# Just moved back to area, looking for work



## SpeedoJosh (Jun 15, 2013)

Been in the military for the past 9 years. Just moved back home and am looking for a job or career while I continue my education in fitness. 

I am highly motivated, and like to get work done instead of putting it on the back burner. I might not be the most experienced in your field, but guarantee nobody will work harder then me. 

I pick things up fast, and am not one of the employees that needs their hand held throughout the day. 

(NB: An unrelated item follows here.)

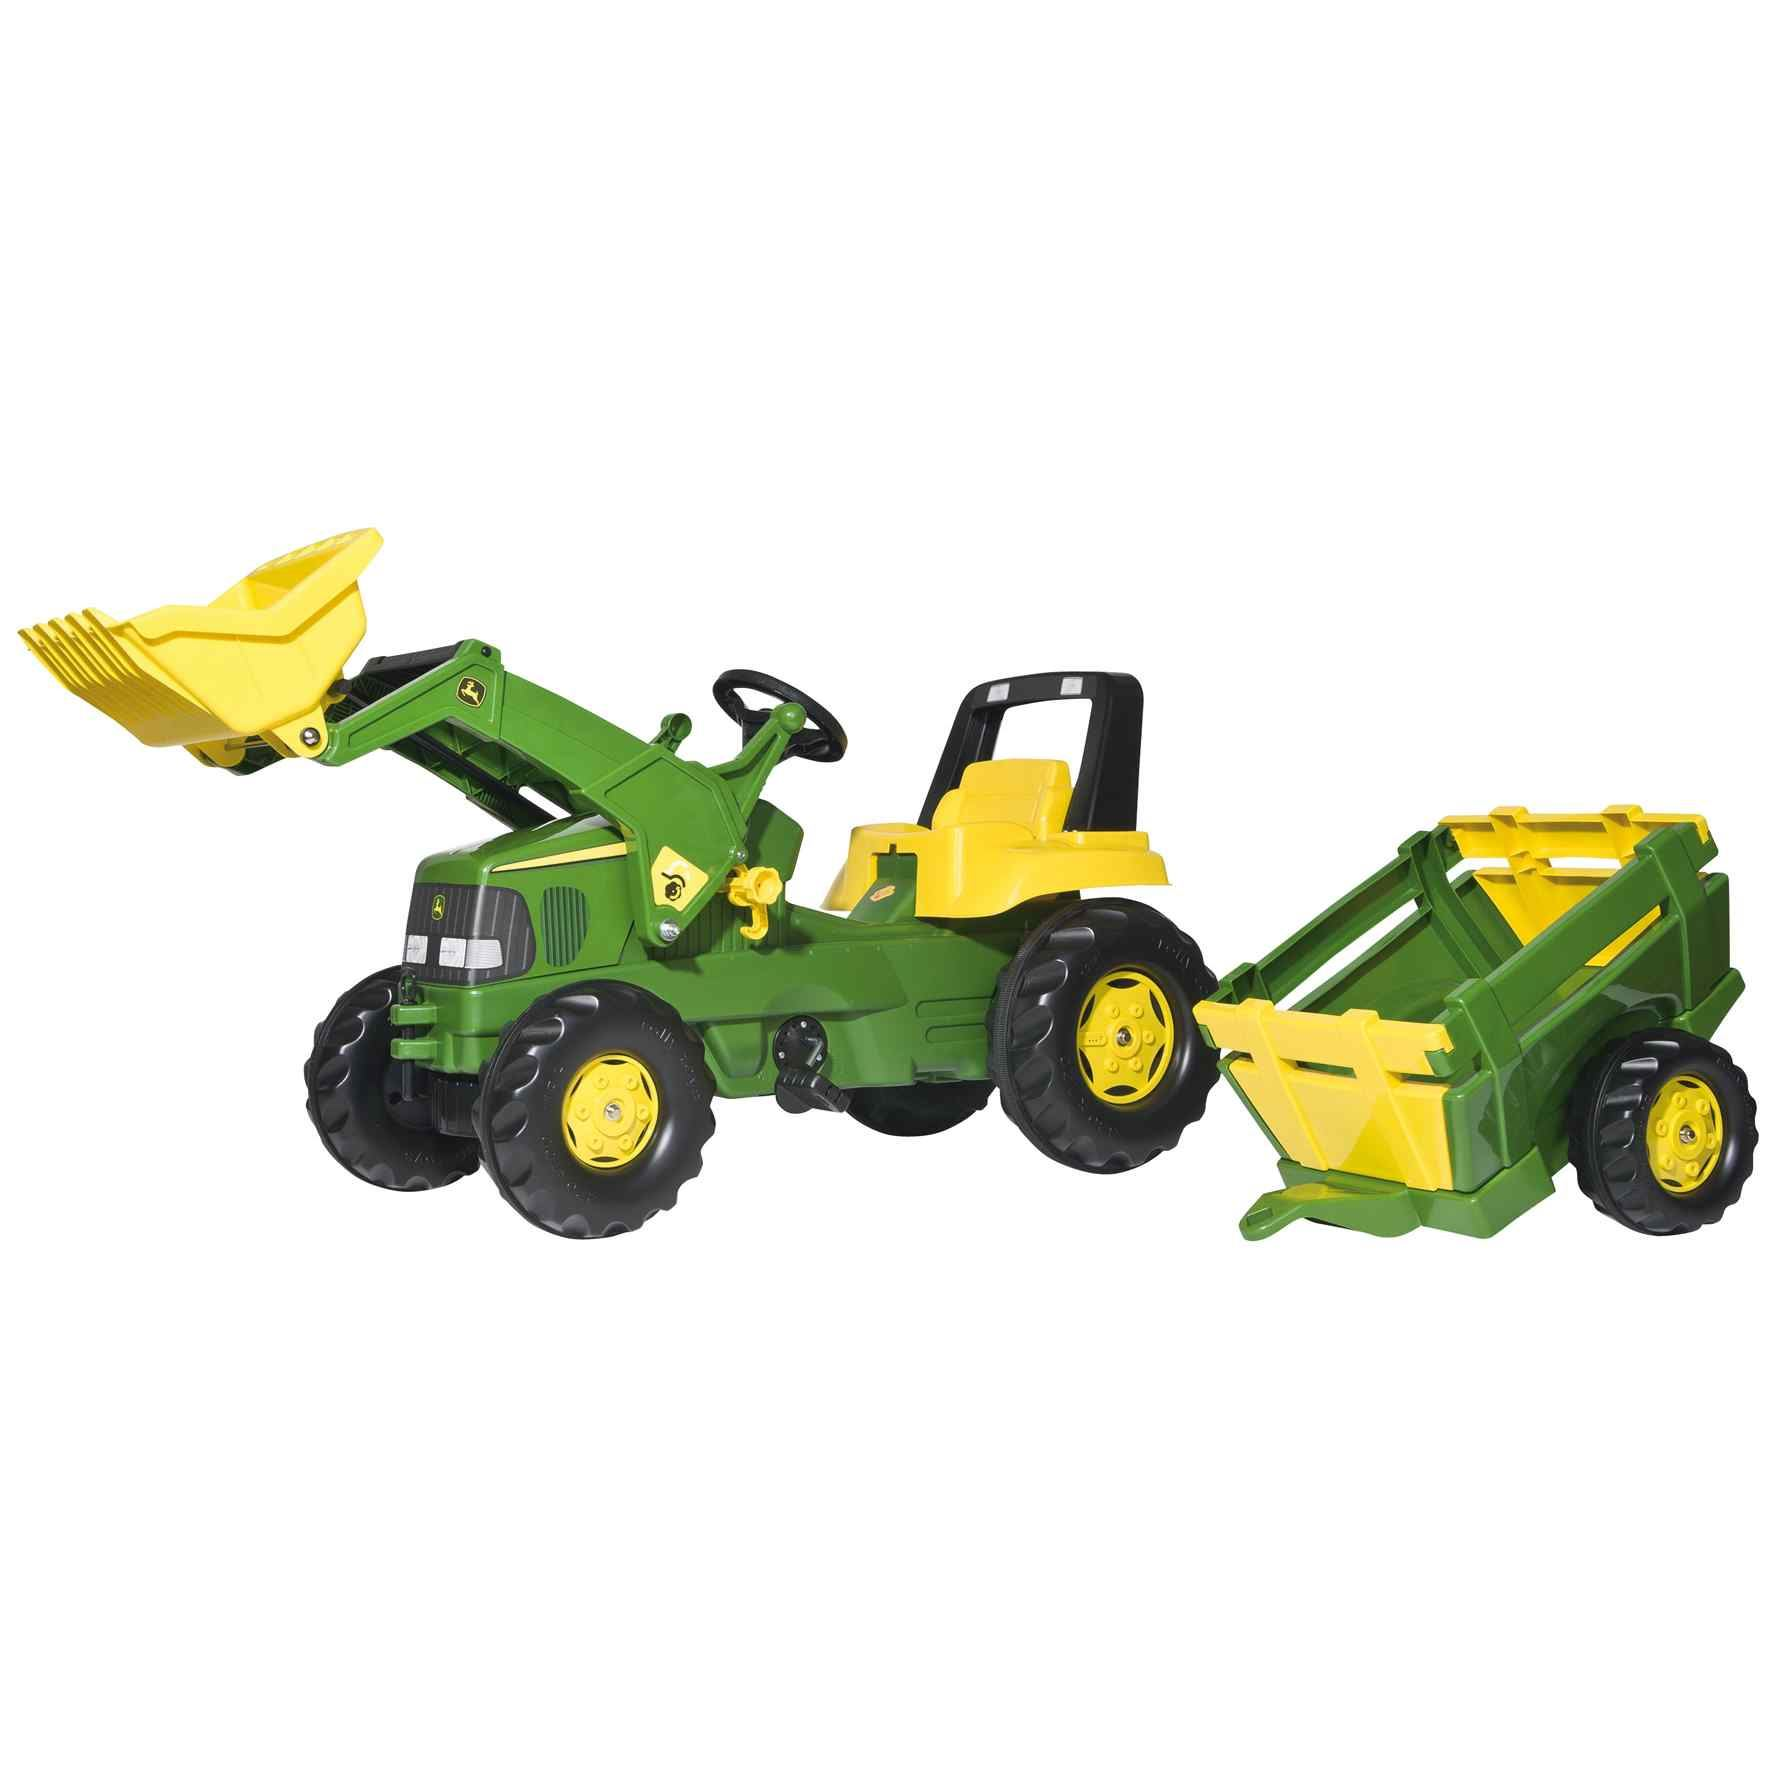 john deere enfants rolly p dale jouet junior tracteur. Black Bedroom Furniture Sets. Home Design Ideas
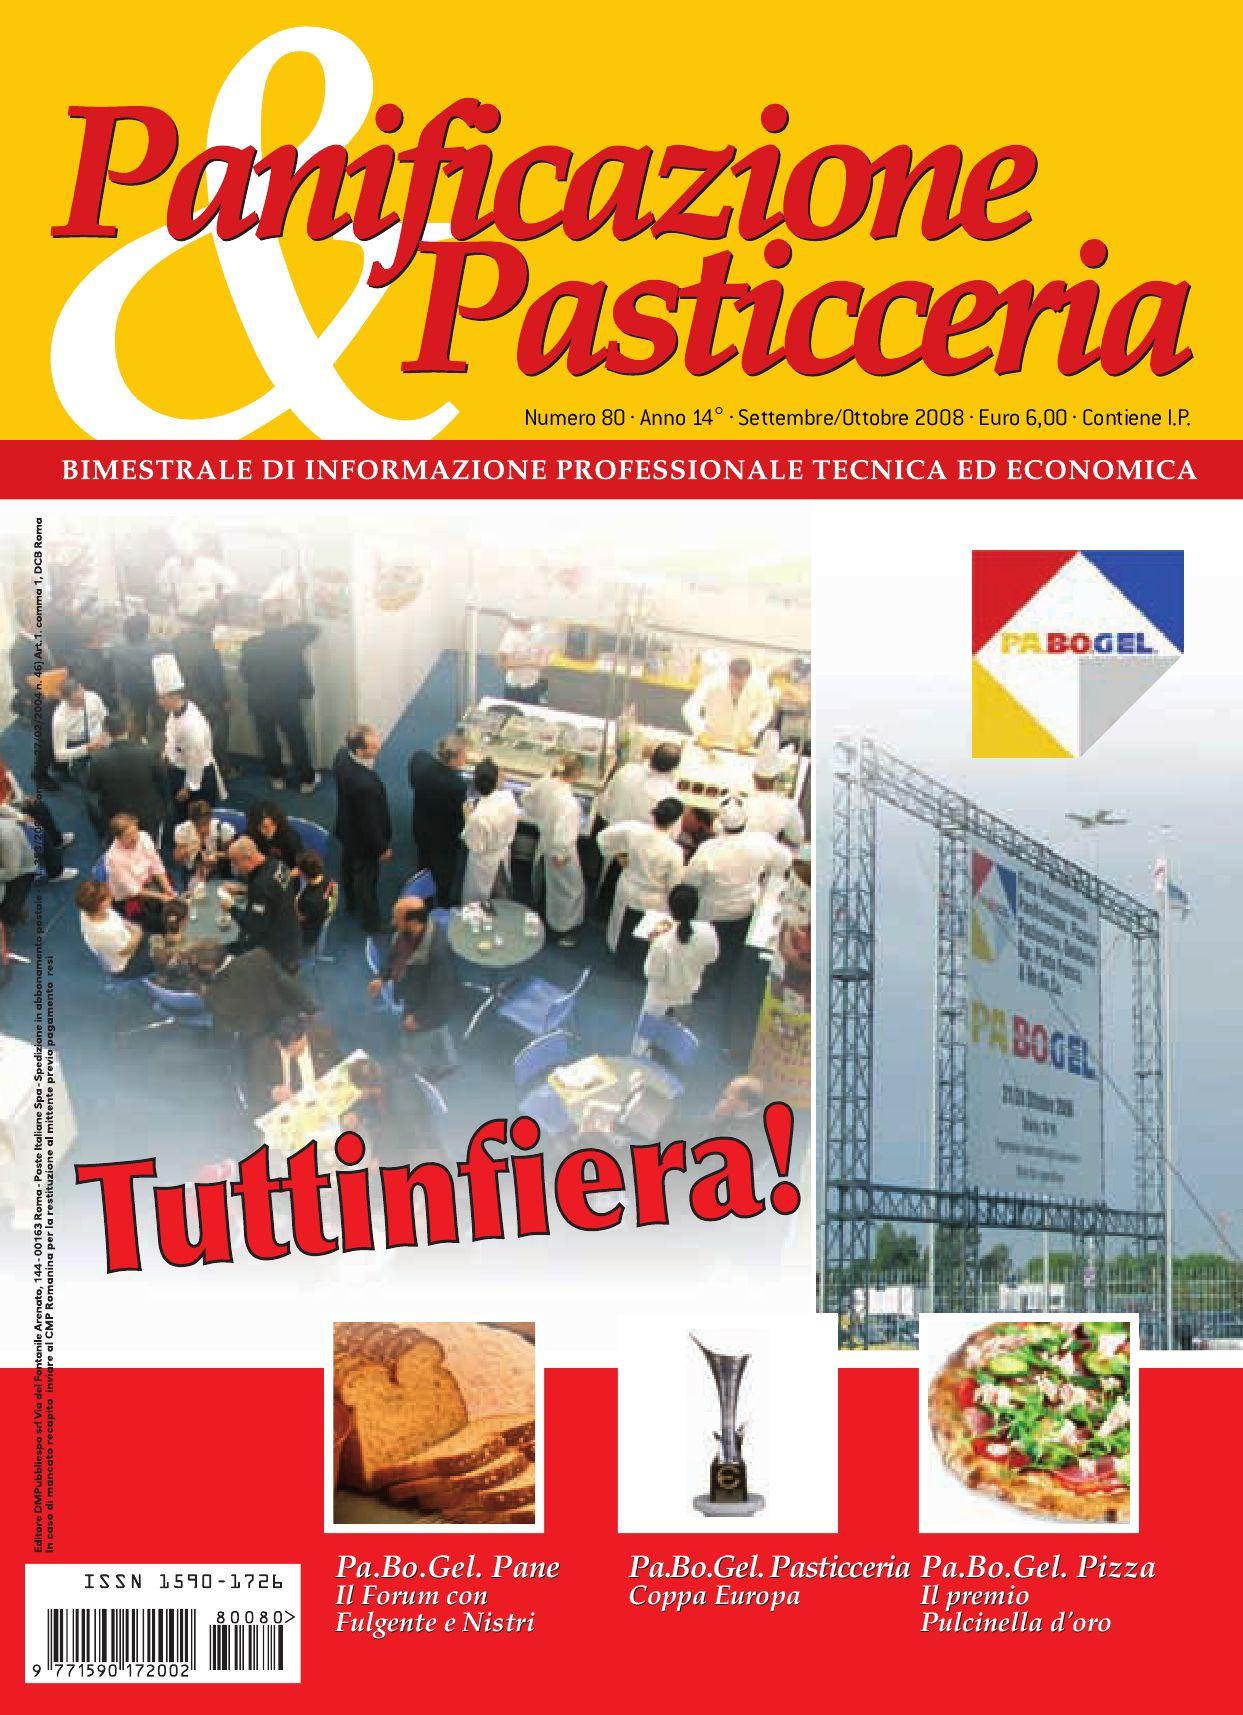 Panificazione&Pasticceria Nr 80 Sett Ott 2008 By D M P SRL Issuu

Clean appearance, well mannered, and well spoken. 

Can email resume 

Thanks
-Josh


----------



## sel1005 (Jan 10, 2008)

Good luck with your search. You might try going by and visiting with the folks at Landrum Staffing, they are one of the oldest and most professional recruiting firms in the area and employers pay all fees so it doesn't cost you a penny to network with folks that know everyone in the area. Kelly is OK but doesn't seem to have a lot of professional jobs, sites like LinkUp.com and Glassdoor.com also have lots of REAL jobs posted, not fake ones like so many web sites do.


----------



## RonA (Jul 8, 2012)

SpeedoJosh said:


> Been in the military for the past 9 years.


WOW only 11 years to retirement and fishing every day. Get back in. Ron


----------



## SpeedoJosh (Jun 15, 2013)

That's always an option, but I want the chance to finish my degree. Plus budget cuts and micromanaging have taken the fun out of my job there.


----------



## RonA (Jul 8, 2012)

SpeedoJosh said:


> That's always an option, but I want the chance to finish my degree. Plus budget cuts and micromanaging have taken the fun out of my job there.


I did the same thing you are doing... thankfully I had a couple uncles that were both retired military and they talked me into going back in. Thank God they did. You have to have a job someplace, 11 years will go super fast. Ron


----------